Open Adoption — Practice & Policy Guidelines
By Deborah H. Siegel, PhD, LICSW, DCSW, ACSW
Social Work Today
Vol. 6 No. 6 P. 24

Read this comprehensive overview of open adoption from an expert educator, consultant, researcher, and adoptive parent.

Alice and Brenda, adoptive parents of 9-year-old Carl, sit facing Don, their new clinical social worker.

“We’re lost. We need guidance,” begins Alice.

Brenda continues, “Alice and I have been together as a committed couple for 11 years. We decided two years ago to adopt a child; it’s been a long process finding an agency that would work with a same-sex couple, and finally, six months ago, we brought Carl home. The state’s public child welfare agency told us that if we wanted to adopt Carl, we had to agree to bring him to visits with his birth parents, Susan and Sam, every six months until Carl turns 18. Susan and Sam terminated their parental rights voluntarily, in exchange for the promise of these ongoing visits with Carl.

“We understand that Carl has feelings for his birth parents, even though he was taken from them at birth because he was born with cocaine and methamphetamines in his body. He’s been in and out of foster care all of his life. From time to time, he’d be reunited with Susan and Sam, but each time he’d be neglected and had to return to foster care. Susan and Sam both have lifelong substance abuse issues, Susan has bipolar disorder, and Sam has ADHD [attention-deficit/hyperactivity disorder], and they’ve both sold drugs from time to time to get money for their own addictions. They’ve tried valiantly to get off of drugs so they can parent Carl, but it just hasn’t worked. They want Carl to have a stable, secure family life.

“We recognize that Carl needs to stay connected to his Hispanic and African American origins, especially since we’re both Irish. But won’t it be confusing and upsetting for him to be forced to see Susan and Sam every six months? And Carl’s birth mother is pregnant again. She and Sam plan to parent their new baby. Won’t knowing this upset Sam? And what if Susan and Sam aren’t OK with us being lesbian? Should we honor the promises the agency made to them about visitation?”

Don, who does family therapy, sits nervously in his chair, listening with growing anxiety to his new clients’ story. “What am I to say to them? How can I help them figure this out?” he ponders. “I’ve only attended one continuing education workshop on adoption, and it didn’t cover this kind of situation. I don’t know the answers to their questions.” Don’s instinct is to say, “Carl is your child now. You’re the parents. Trust your gut. The agency may have promised visits, but you don’t have to honor that promise.” But he’s unsure about the ethics and clinical consequences of that stance.

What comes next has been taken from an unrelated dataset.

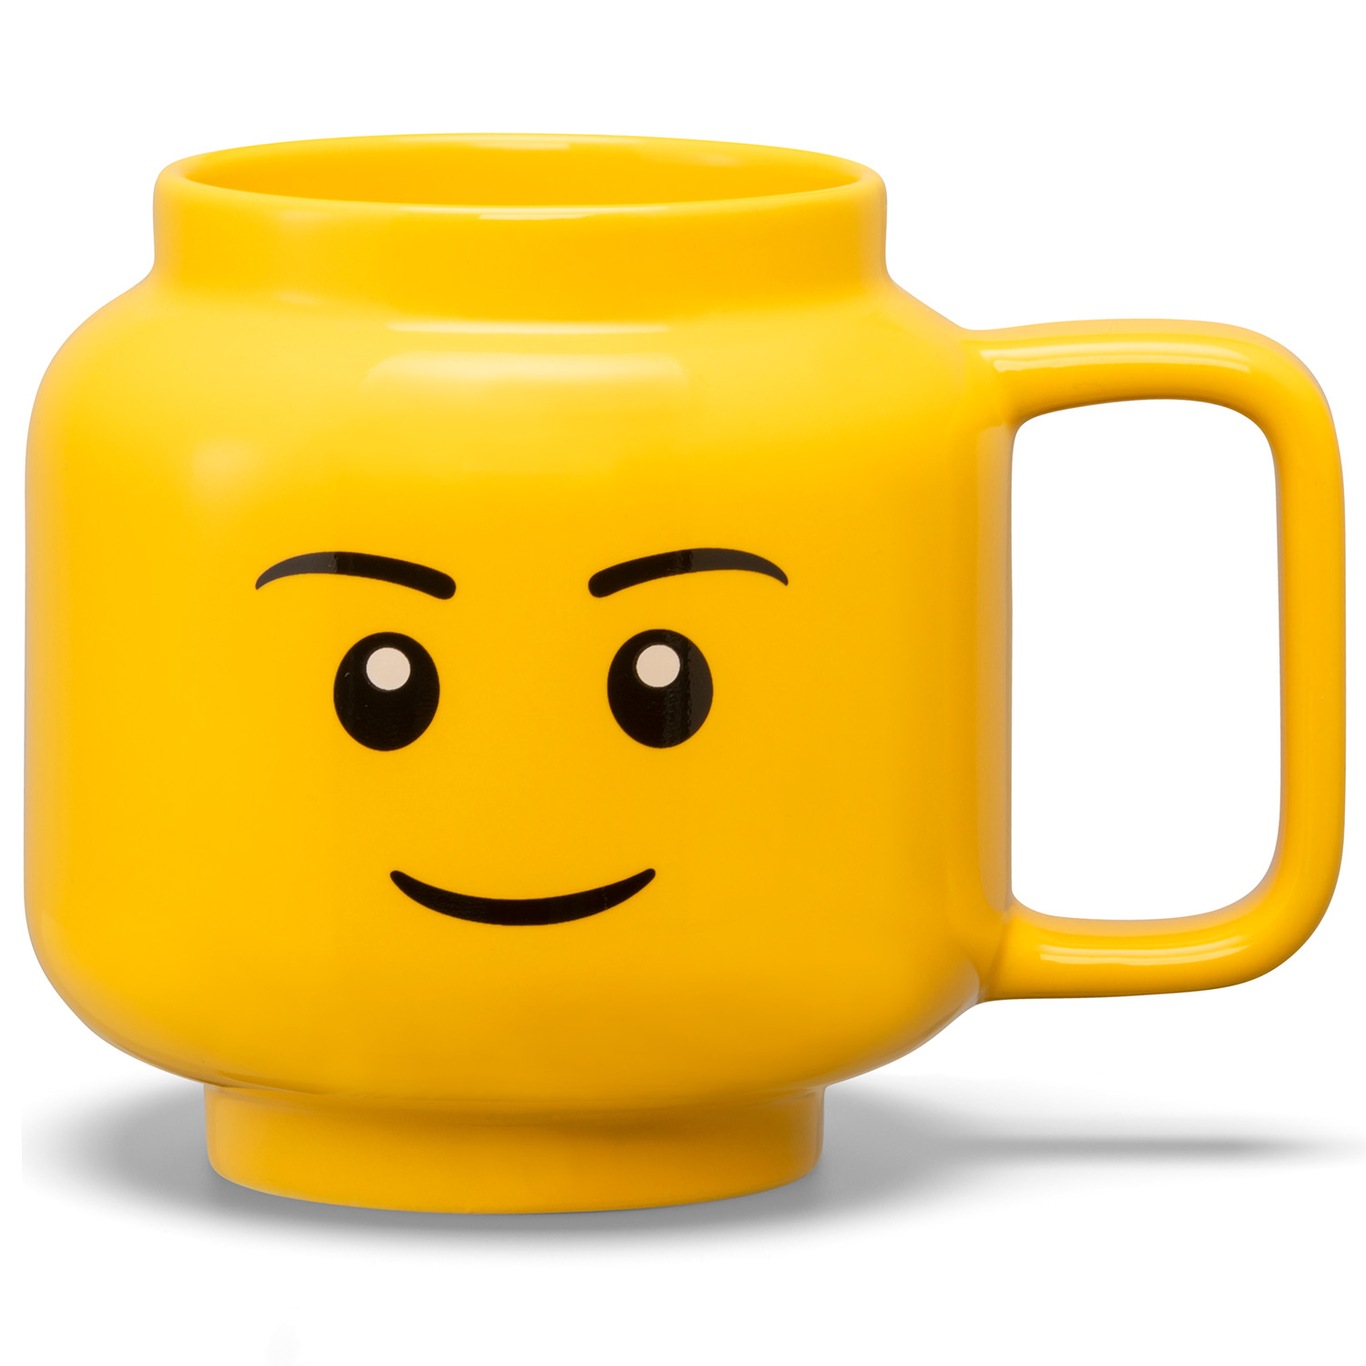 LEGO Ceramic Mug Small Boy Krus Gul, L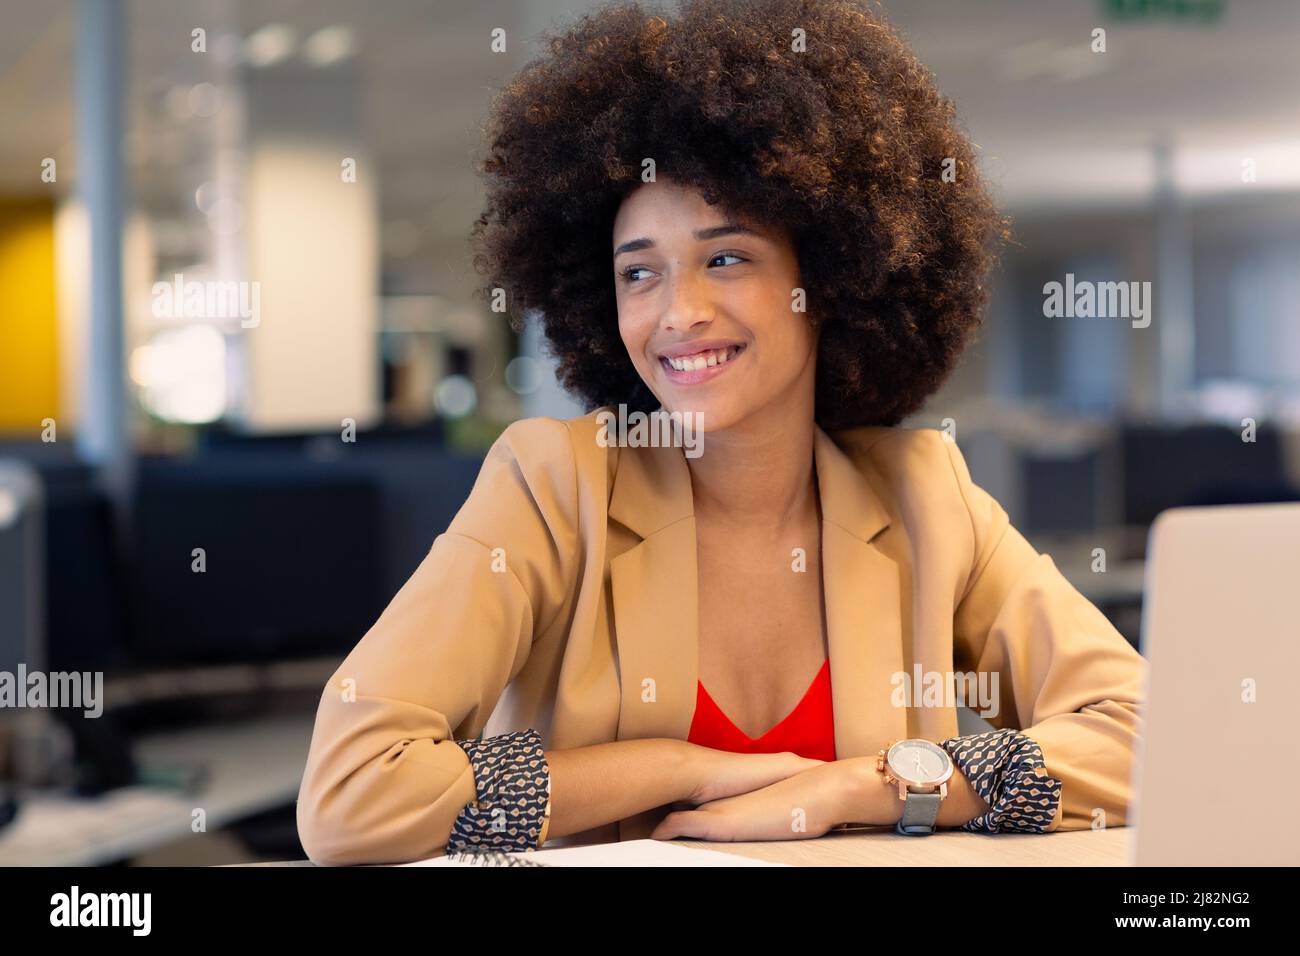 Glückliche junge schöne weibliche afroamerikanische Berater mit afro Frisur Blick weg am Arbeitsplatz Stockfoto

Don is in good company. Few MSW, BSW, staff development, and continuing education programs provide extensive content on adoption, not to mention issues in transcultural, transracial, lesbian, or gay adoption. Don never had training on working with open adoptions, not to mention those involving people who have mental health, substance abuse, or criminal behavior issues. While openness in adoption is widespread, most clinicians lack training in the normal, predictable issues that come with open adoption, leaving practitioners to rely on their own beliefs, misconceptions, and inaccurate media portrayals of the adoption experience (Pertman, 2000).

What Is Open Adoption?
Open adoption is not shared parenting; the adoptive parents have full legal rights and responsibilities regarding the child. Open adoptions vary widely along a continuum; some birth and adoptive families share minimal information about themselves and barely have contact, perhaps only through infrequent letters and photographs exchanged via a post office box because they do not feel safe exchanging last names and addresses. Other birth and adoptive families communicate frequently via phone, e-mail, or visits in each other’s homes or out in the community. Some form meaningful friendships based on mutual respect, empathy, and trust that develop over time. Contact varies in terms of frequency (eg, a one time only meeting, a once-per-year exchange of letters, an annual joint vacation trip), type (eg, phone calls, e-mails, sharing holiday meals), and participants (eg, only the adoptive and birth mothers stay in touch, or the child also participates in the contact, or the birth grandmother maintains the contact). The variety and permutations are virtually endless.

How Open Adoption Started
Before the 1940s in the United States, most adoptions involved contact between the child’s birth and adoptive families. But in the 1940s, in an effort to protect children from the stigma of “illegitimate” birth, and women from the shame of out-of-wedlock pregnancy, social workers promoted total confidentiality in adoption, keeping birth and adoptive families’ identities secret from one another and sealing the child’s original birth certificate in perpetuity. During the 1960s, adoptees and birth parents stepped out of their shadows of shame to explain how the secretive practices intended to protect them hurt them instead. Adoptees spoke of their pain, frustration, and bewilderment over being denied information about themselves that is everyone else’s birth right. Birth parents described feeling scorned and punished for having the courage to bear the pain of choosing adoption as the best option available at the time to ensure proper care for their child. Many adoptive parents explained that they too craved information from and contact with birth parents, who were psychologically present in the adoptive family whether or not the reality of their existence was denied (Siegel, 1993).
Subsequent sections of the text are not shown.